12th President pro tempore of the Nebraska Senate
- In office January 1883 – January 1885
- Preceded by: John B. Dinsmore
- Succeeded by: Church Howe

Personal details
- Born: August 5, 1831 Hamilton County, Indiana
- Died: May 29, 1891 (aged 59) Kearney, Nebraska
- Occupation: Lawyer, politician

= Alexander H. Conner =

American politician

Alexander Hamilton Conner (August 5, 1831 - May 29, 1891) was an American politician and legislator.

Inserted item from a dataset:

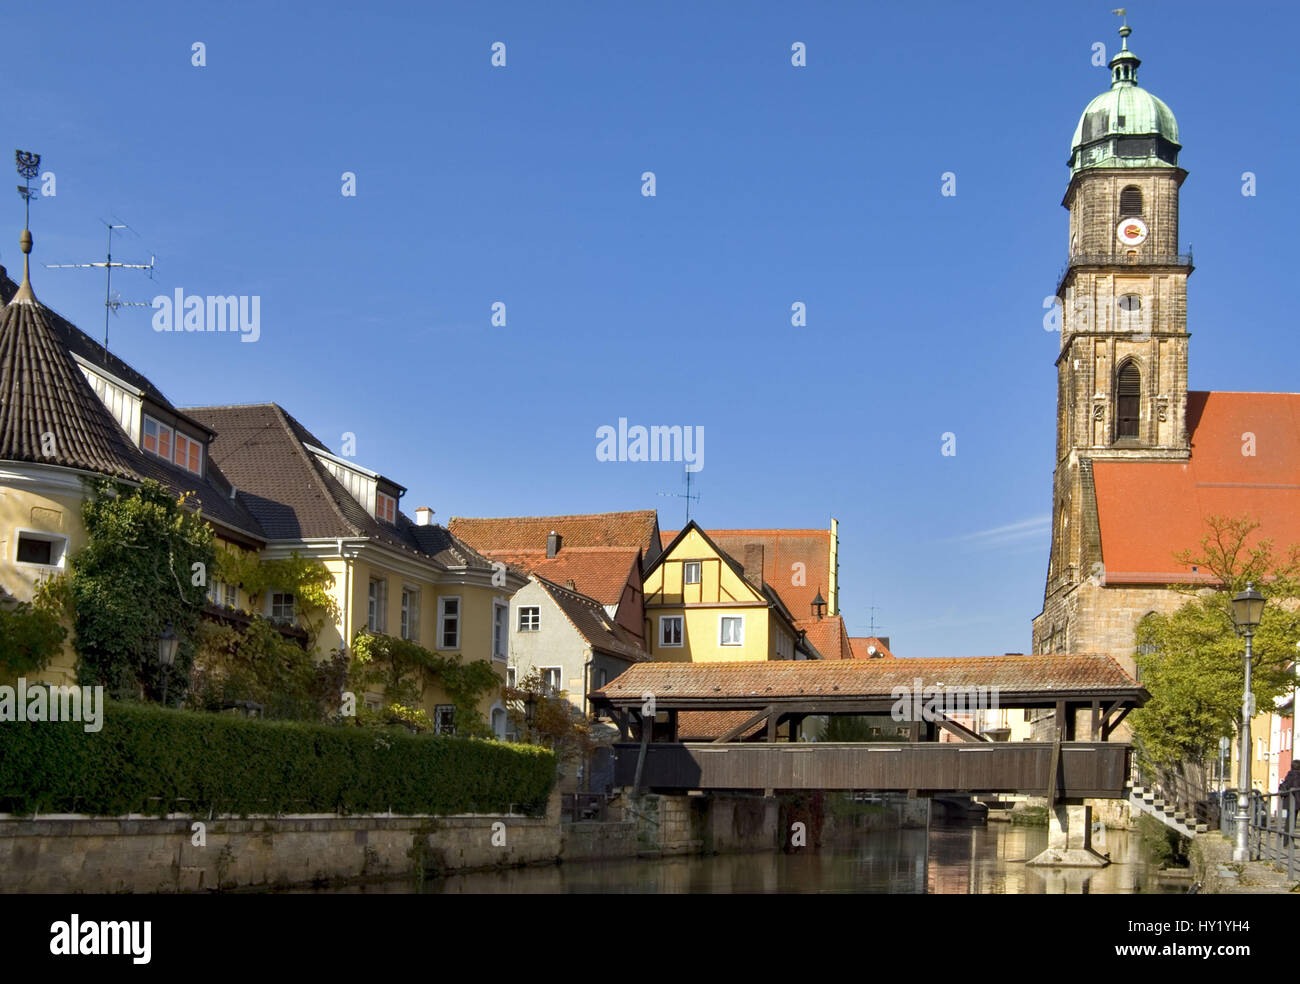 Blick ueber den Fluss Vils auf die St. Martins Kirche in der Alstadt von Amberg in Bayern. Stock Photo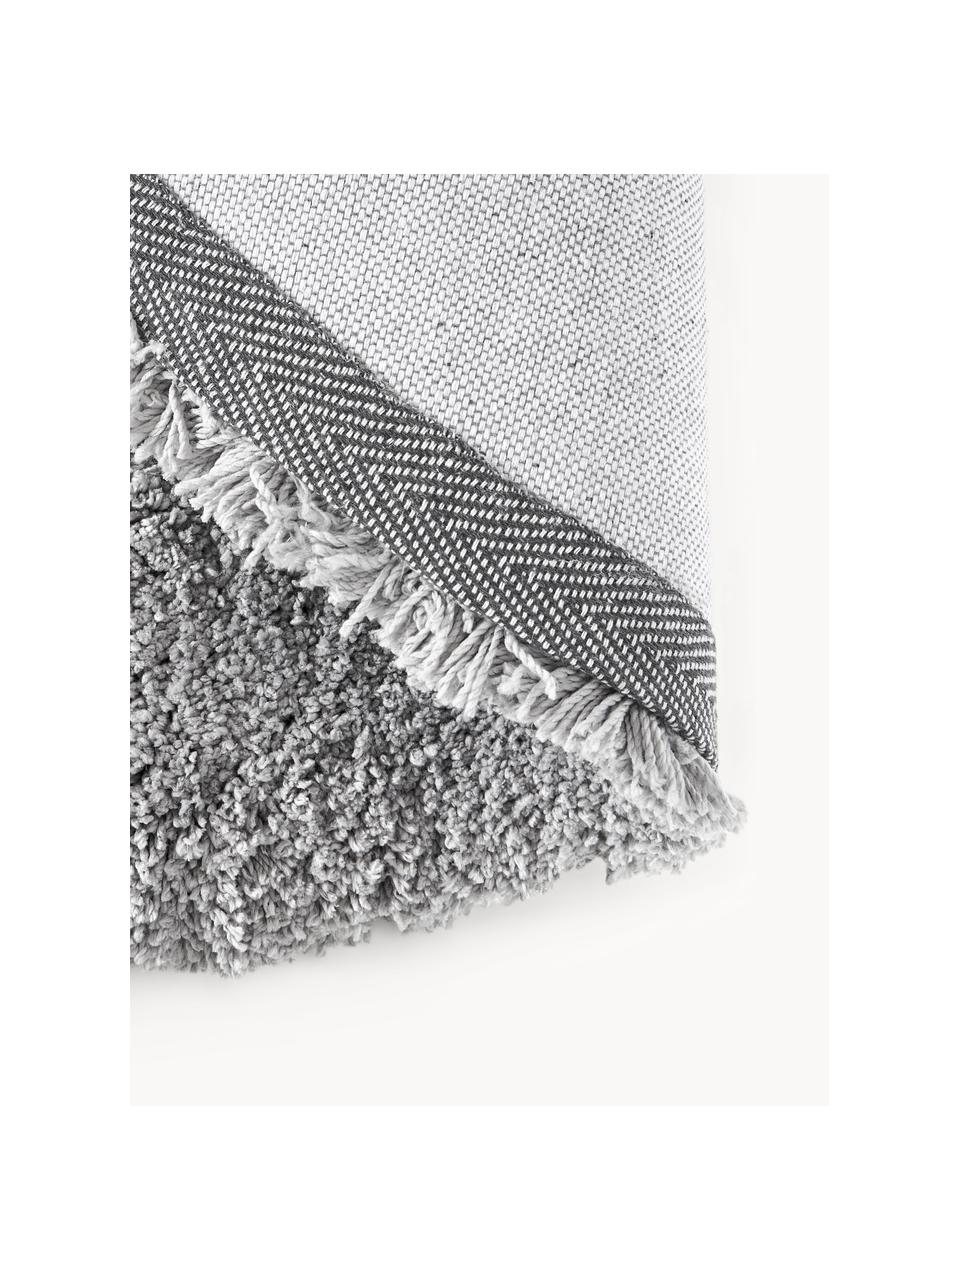 Načechraný kulatý koberec s vysokým vlasem Leighton, Šedá, Ø 120 cm (velikost S)

Born in Hamilton County, Indiana, Conner was the son of William Conner, a pioneer and politician. He was admitted to the Indiana bar in 1855. He served in the Indiana House of Representatives in 1856. In 1860, Conner took part in the Republican Convention that nominated Abraham Lincoln. Conner was a newspaper publisher and was appointed postmaster for Indianapolis, Indiana. In 1871, President Ulysses S. Grant appointed Conner Governor of Idaho Territory, but he declined the office. After dealing with financial problems with his newspaper in Indianapolis, Conner moved to Kearney, Nebraska, in 1872, where he practiced law. Conner served in the Nebraska Constitutional Convention of 1875 and was elected to the Nebraska State Senate serving in 1883–1885 and 1889–1891. Conner died in Kearney, Nebraska.